» **EXERCISE DETAILS**
Transcribe all of the data verbatim, please, and leave out its pictures.

» **DATA SHOWN**
======
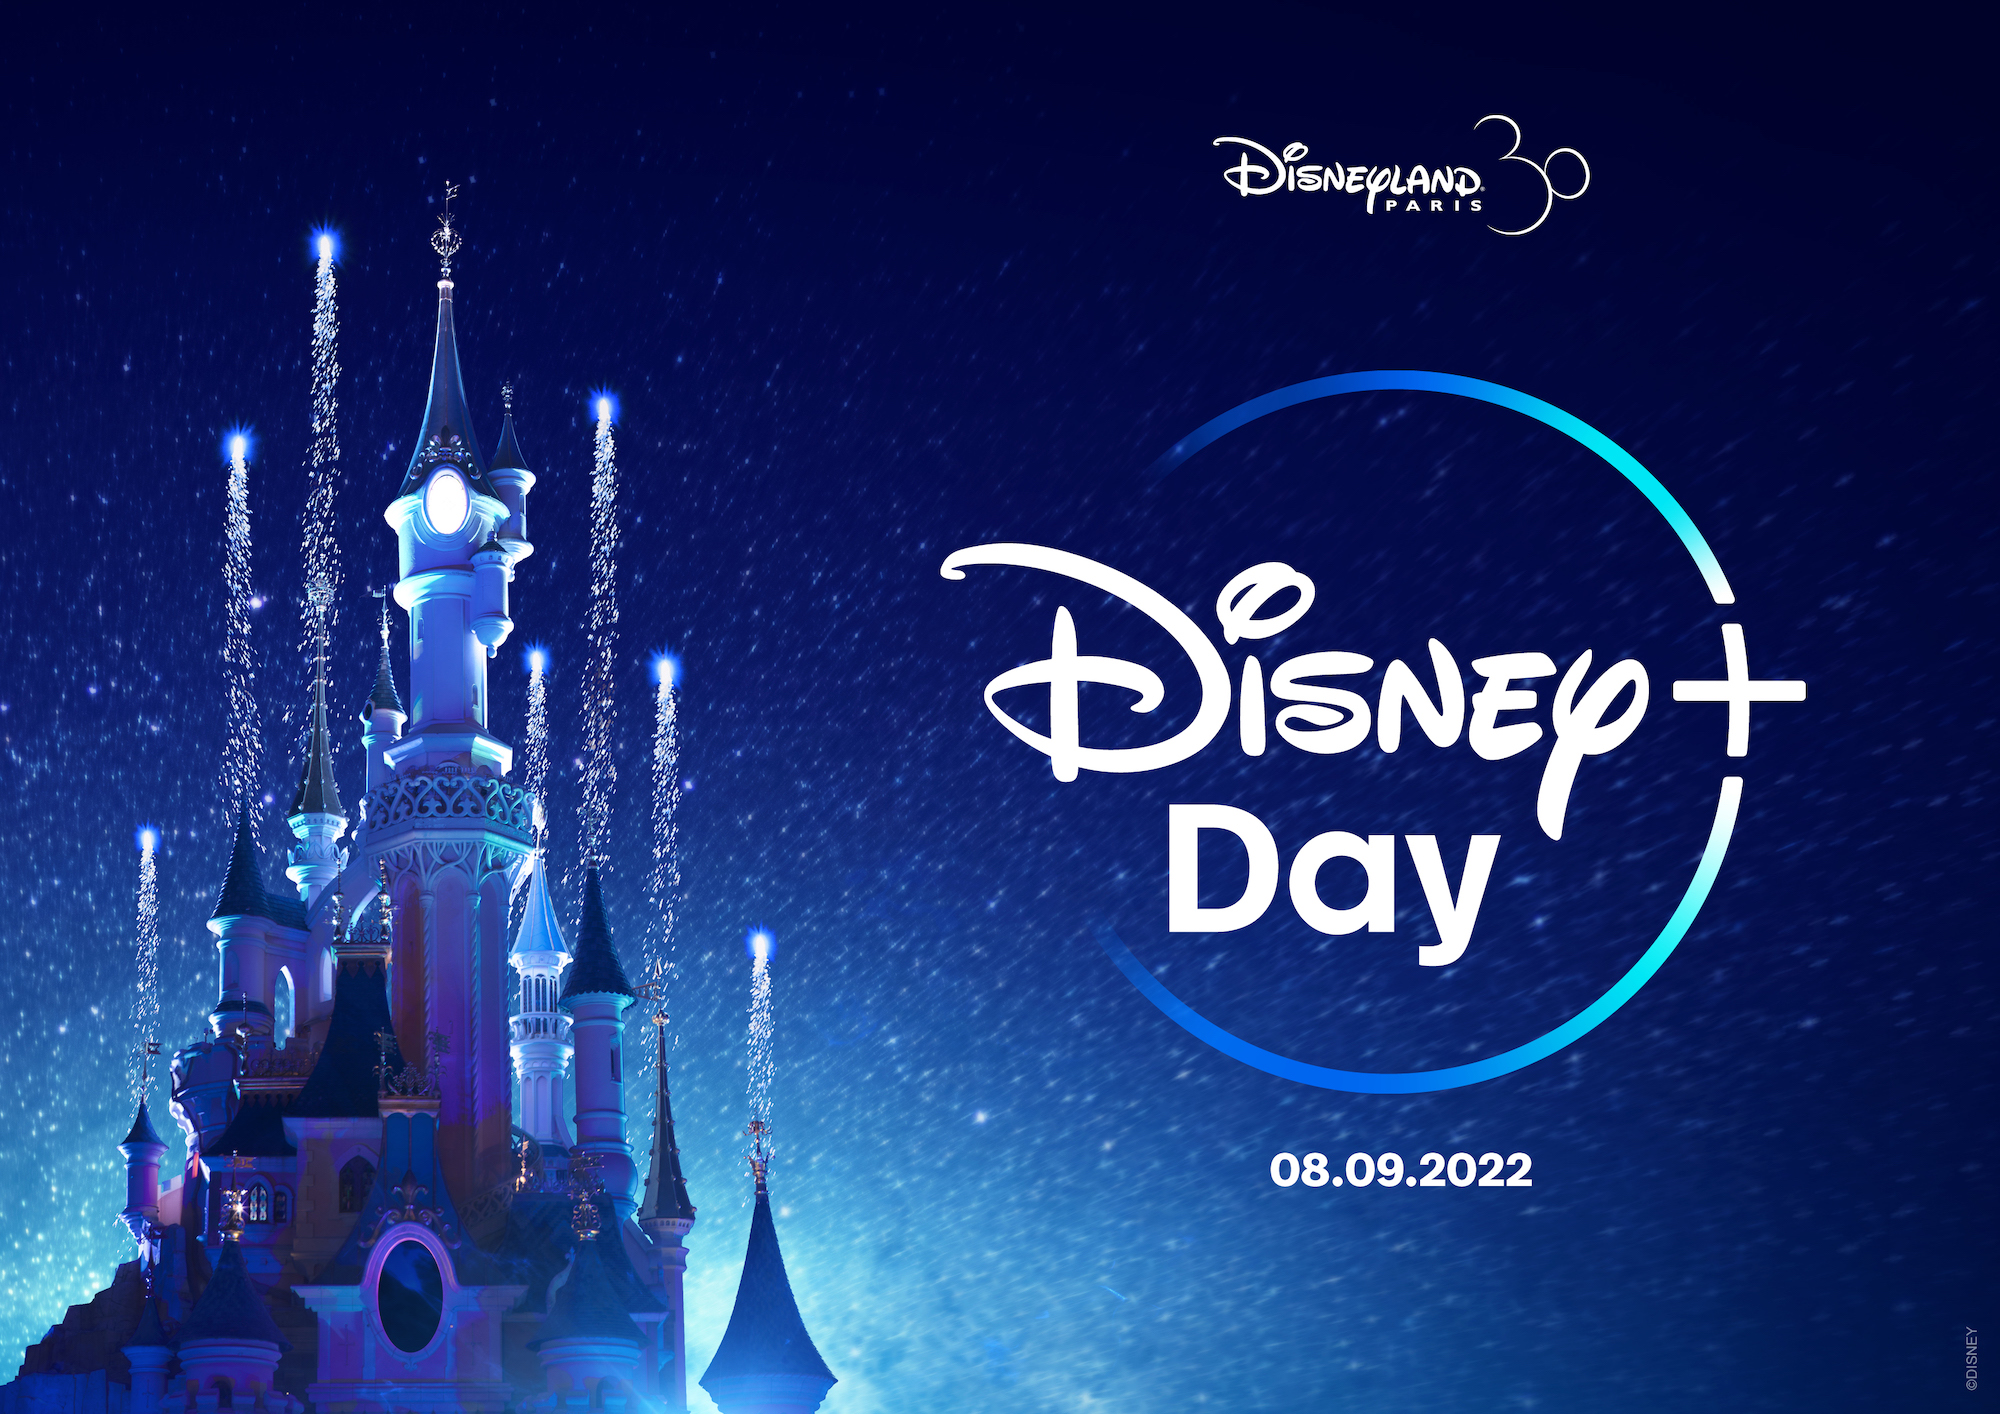 Celebrate Disney+ Day on September 8th at Disneyland Paris!
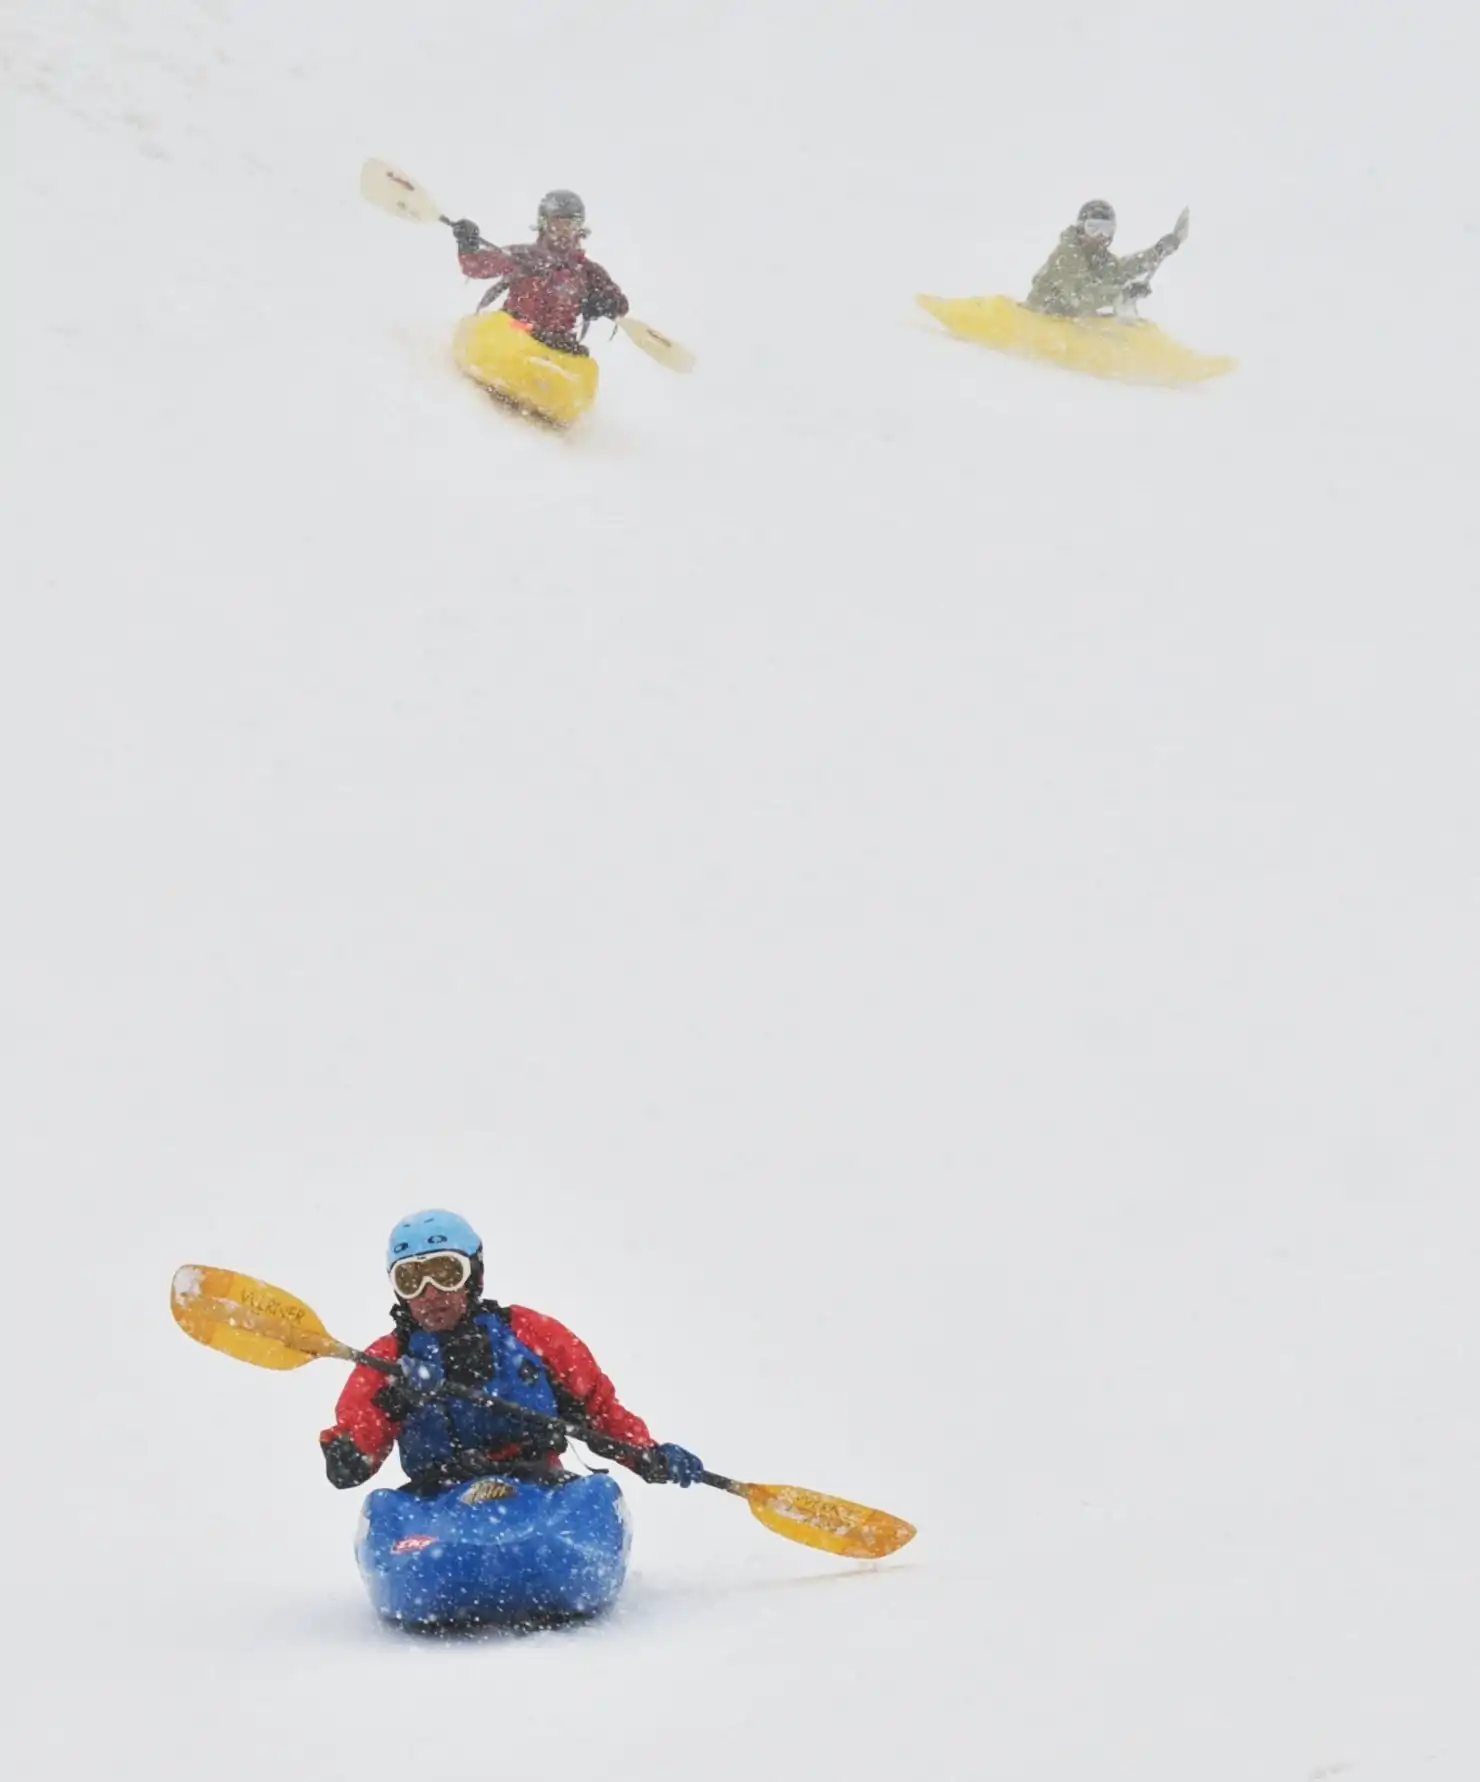 Ruige wintersporten Snow Kayaking
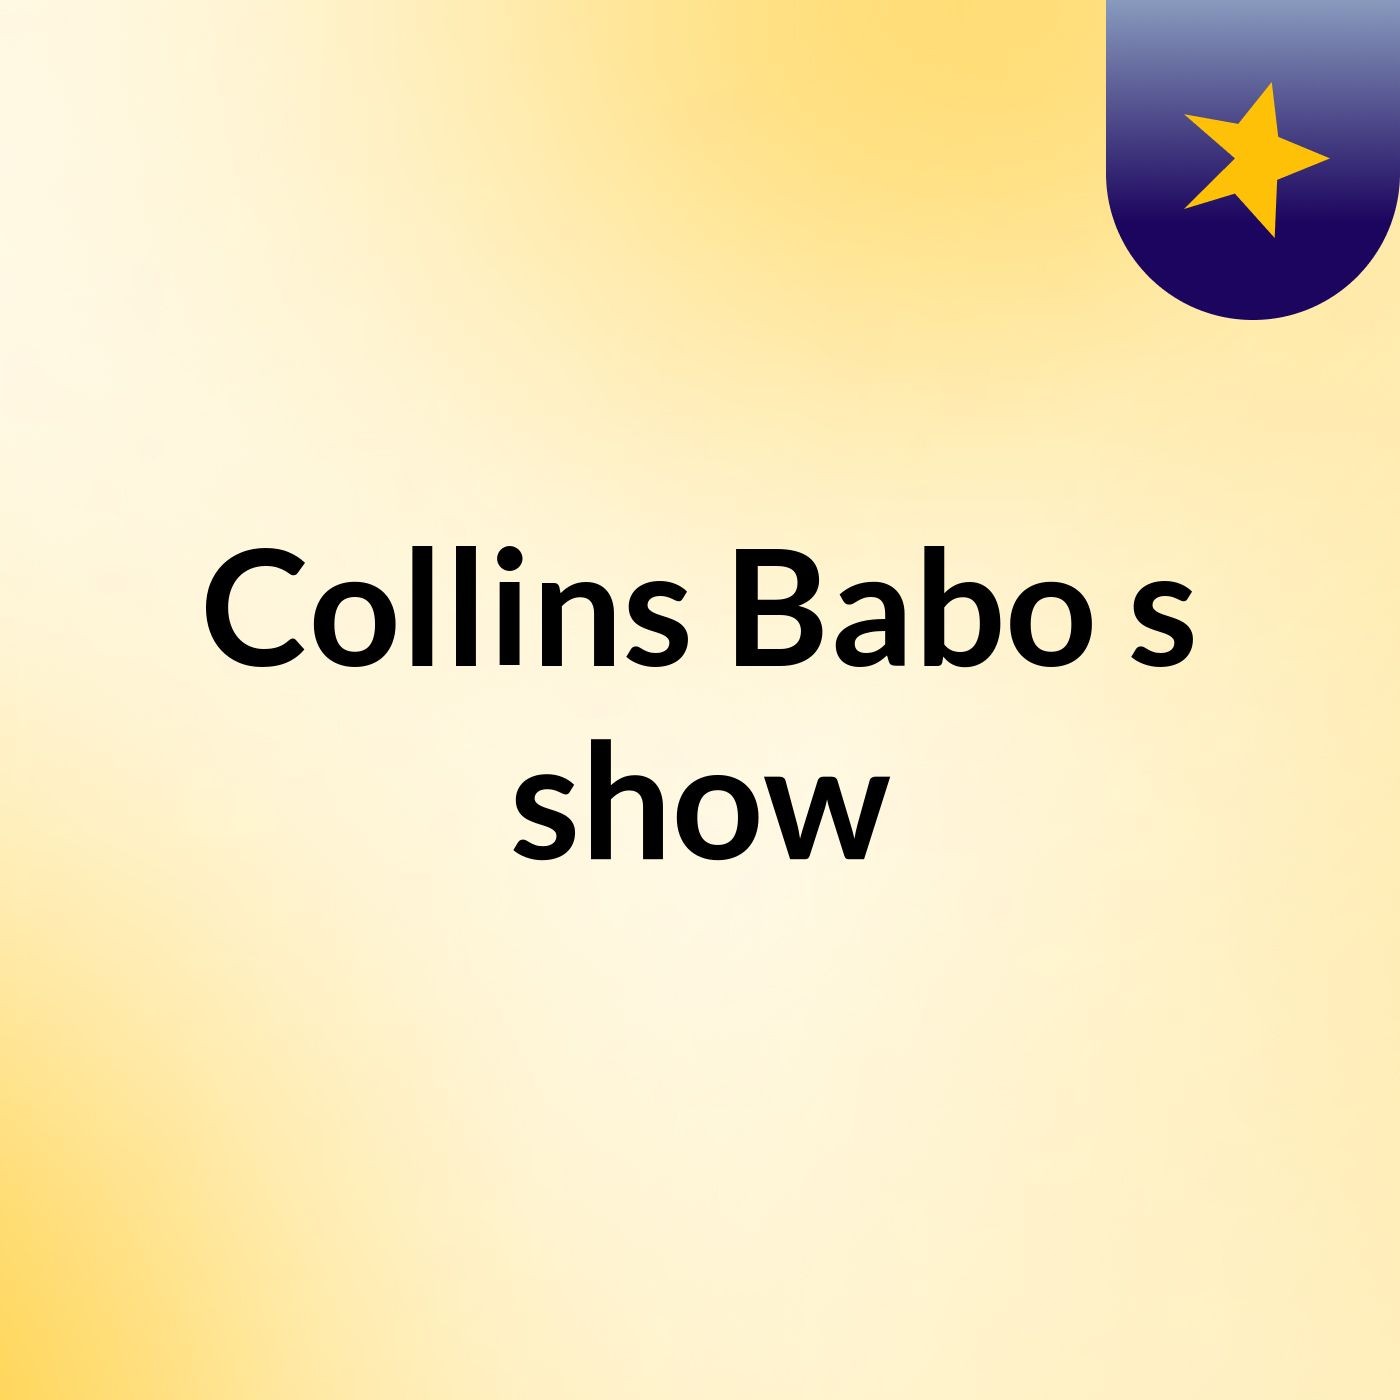 Collins Babo's show
======
» **RESPONSE AREA**
 Celebrate Disney+ Day on September 8th at Disneyland Paris!
 Ruige wintersporten Snow Kayaking
 Collins Babo's show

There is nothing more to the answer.